The Dos and Don’ts of Modern Search Algorithms
| By: Winn Hardin, Contributing Editor
Look up machine vision definitions and you will read about cameras collecting an image and computers running specialized software to analyze the image, helping machines make an automated decision based on that image.
After the flash of the strobe and collecting photons to create an image, the first step down the yellow brick road to automated decision-making is for software to find something in the image. And to find, one must search (or get lucky, and luck has a low repeatability score).
Search algorithms have come a long way since the 1980s. Computationally intensive correlation functions have in large part given way to scale-pyramid and geometric-pattern search methods for many search functions – but not in every case. Sometimes, old school is still the best school when it comes to image processing search techniques.
2 Dos, 1 Don’t
According to Ben Dawson, Director of Strategic Development at Teledyne DALSA (Waterloo, Ontario, Canada), search is usually called upon to perform one of three functions – but only two of them are a good idea.
“Presence-absence is the first function,” Dawson says. “It’s the algorithmic equivalent of a photocell. You don’t care what it is, or where it is exactly, just if something is present. The classic example is counting items moving on a conveyor.”

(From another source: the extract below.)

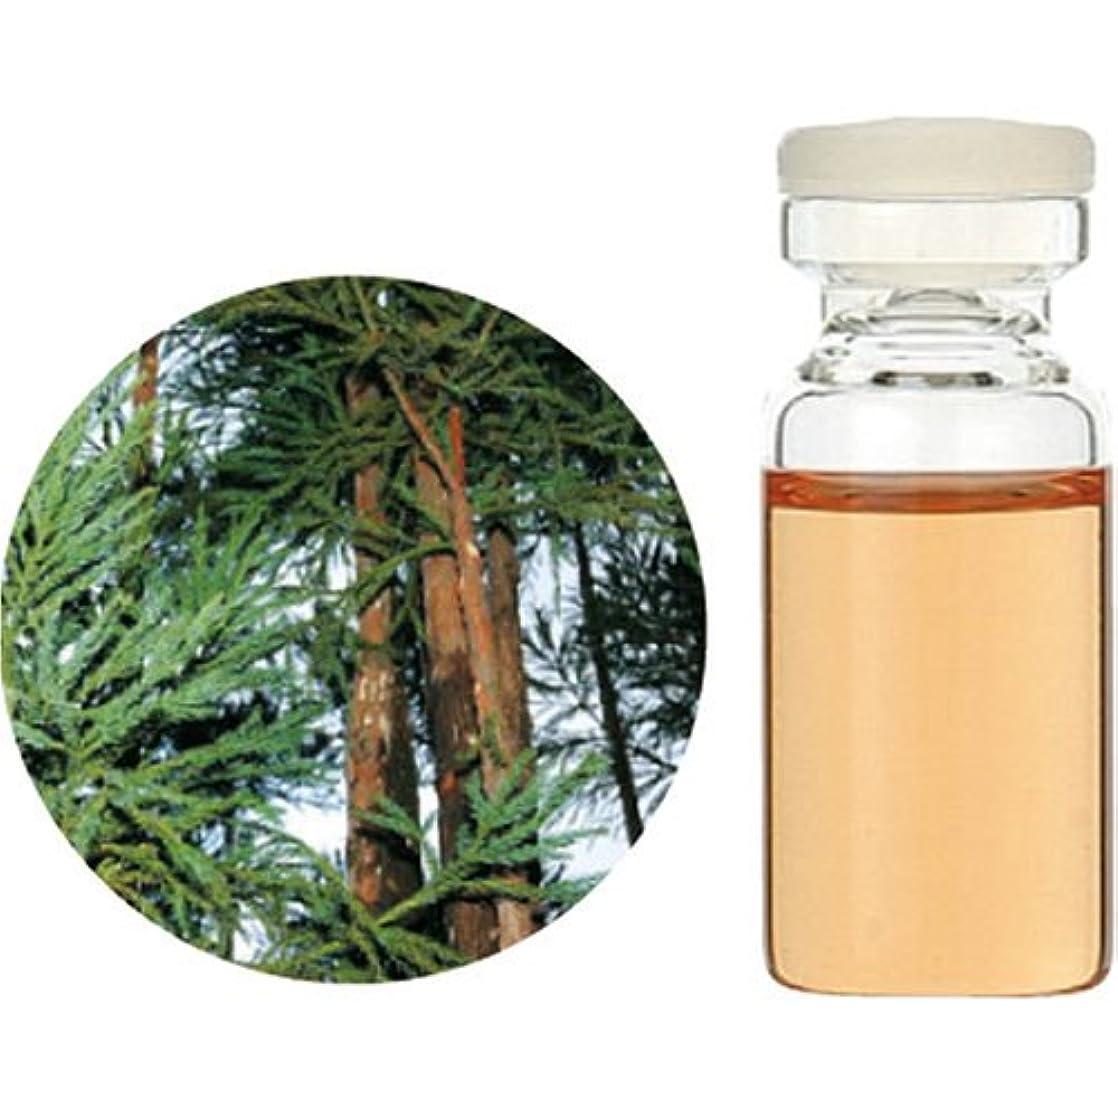 ハンサムペニー下る生活の木 C 和精油 杉 (木部) エッセンシャルオイル 10ml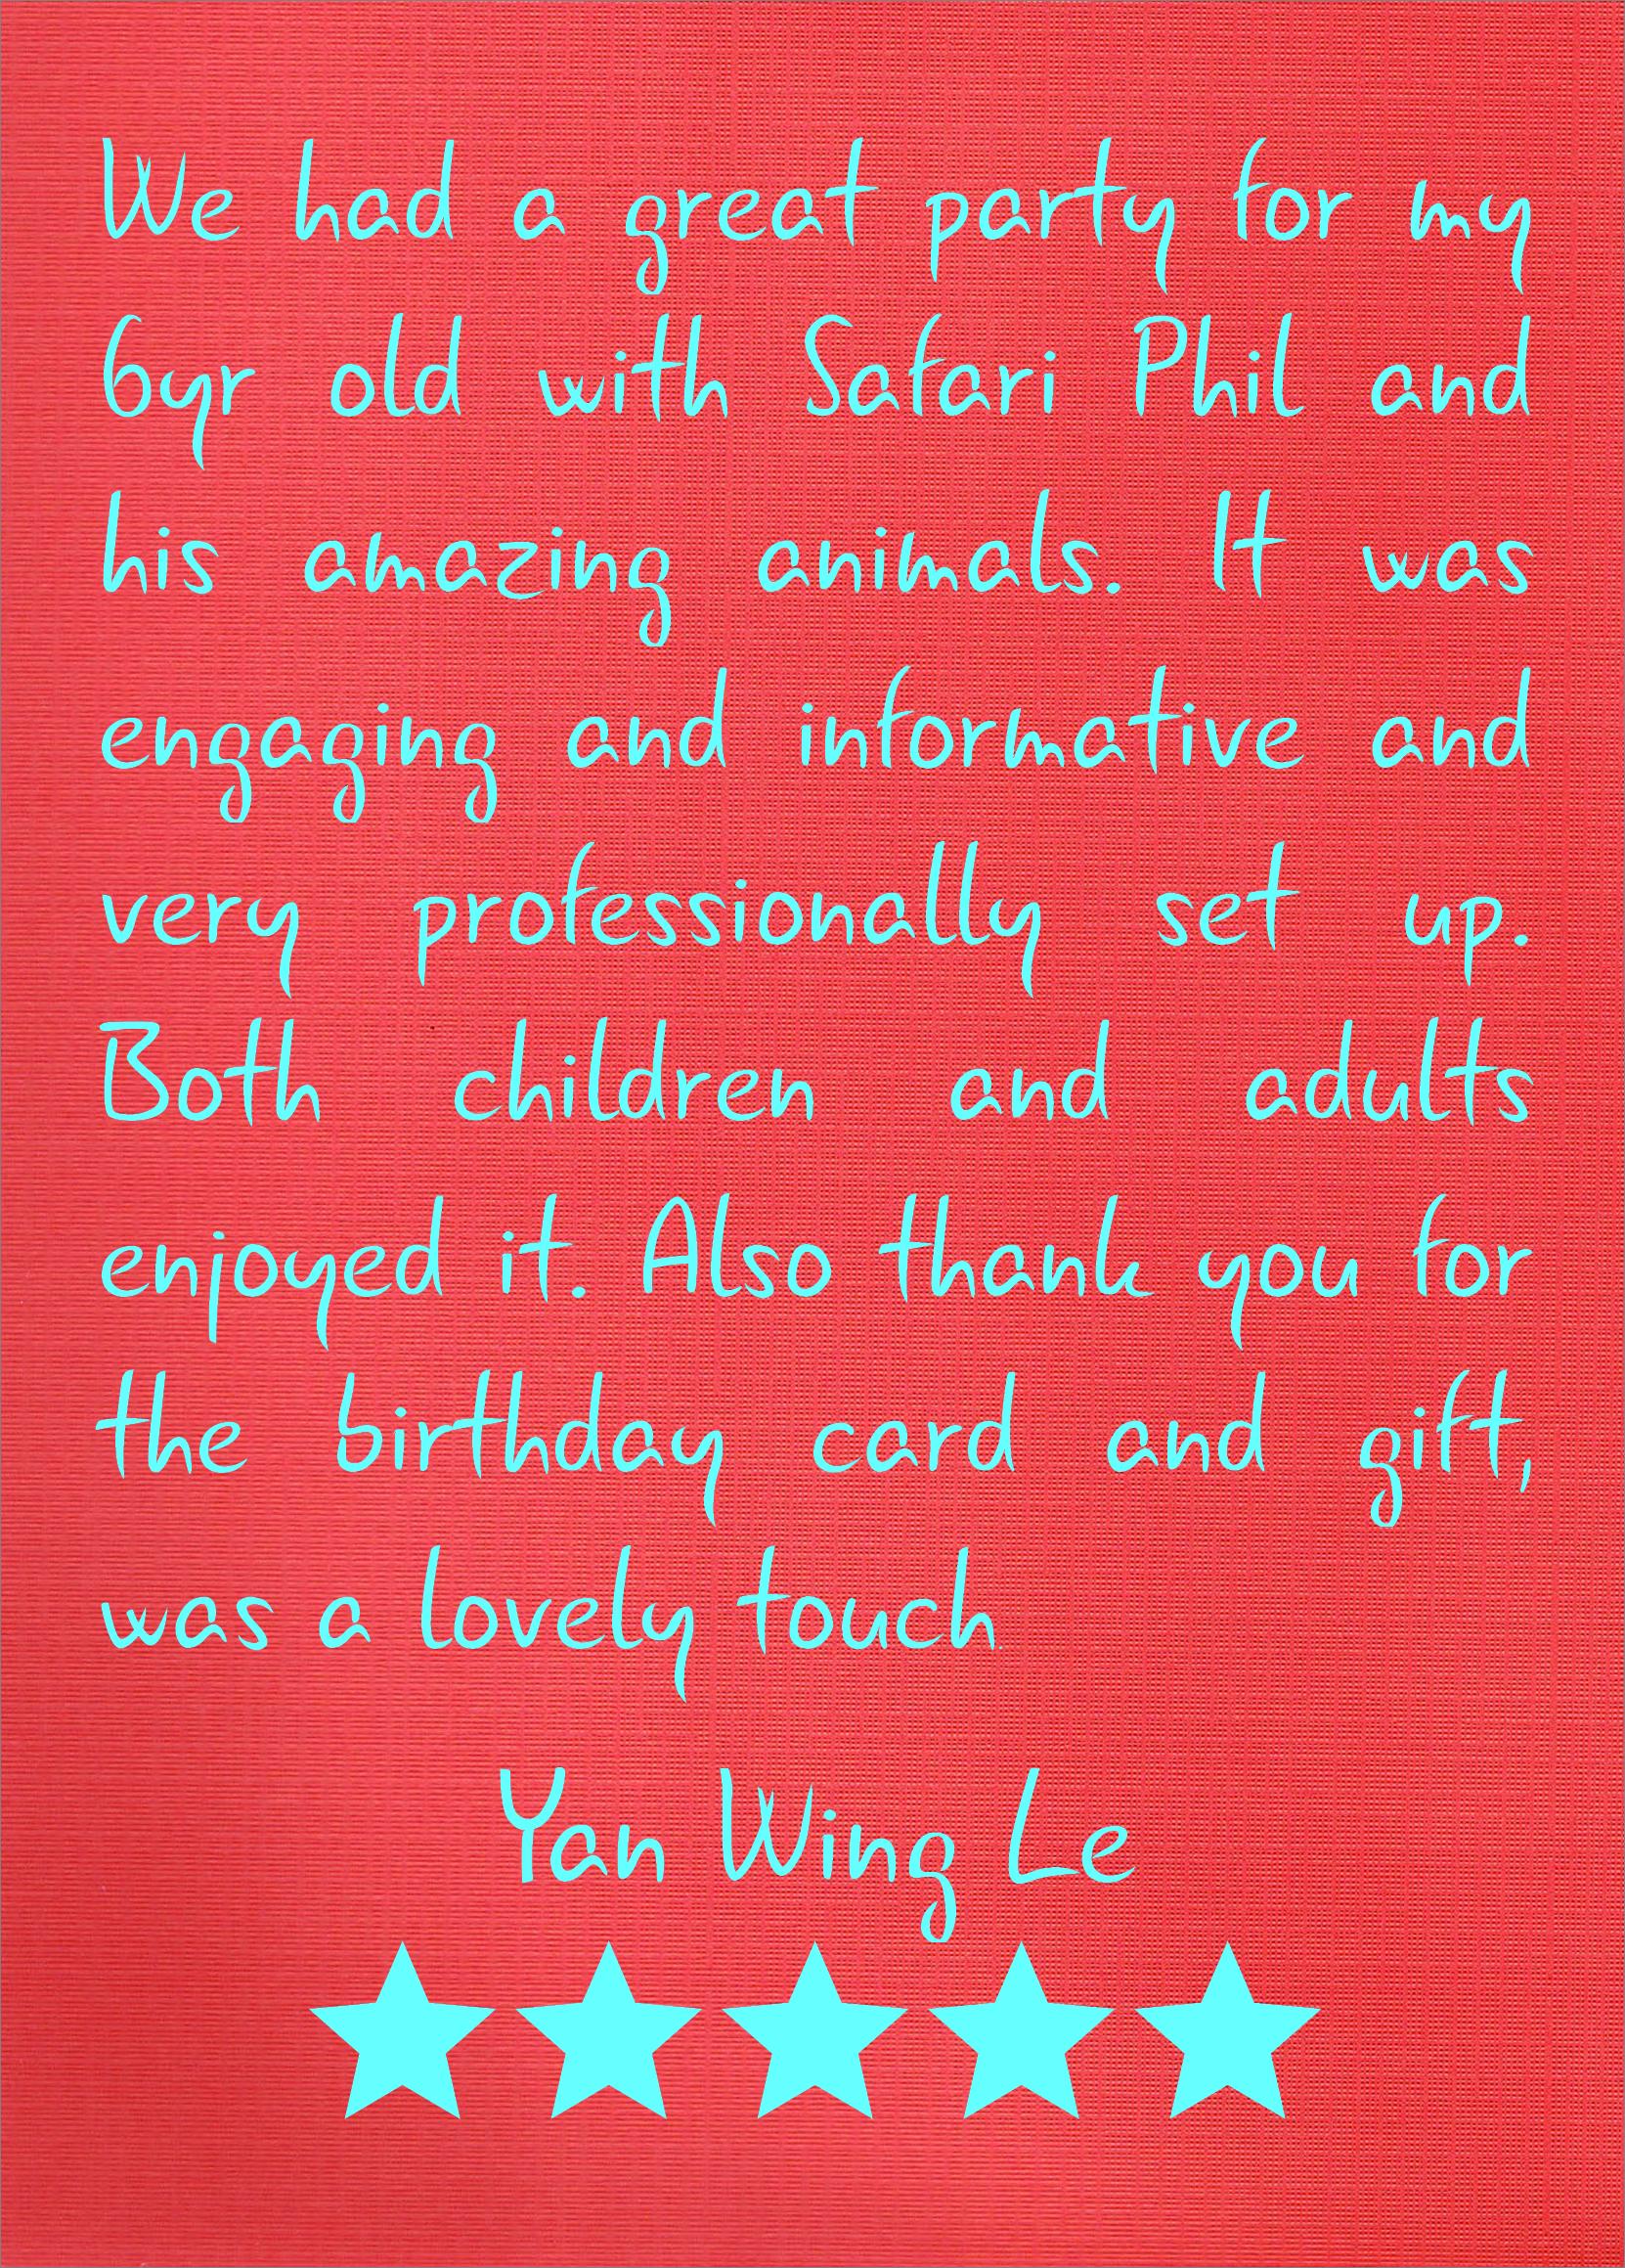 CP-Yan Wing Le  - fb

The next application for search is locate. “A simple method is to use projections. You sum up rows or columns and look for sums that indicate where something is,” Dawson says. “This simple method is easily confused by background items, so modern search uses sophisticated algorithms, such as matching object outlines. Most modern search methods can also identify a limited range of objects. For more difficult identifications, you might use blob analysis, look at object curvature, color, and other features.”
Interestingly, the human brain has two different pathways for handling object location and identification. For example, if something’s coming at your head, you don’t care what it is, only that you need to duck. In those cases, a fast, subcortical pathway gets you out of the way. A second, slower cortical system identifies objects.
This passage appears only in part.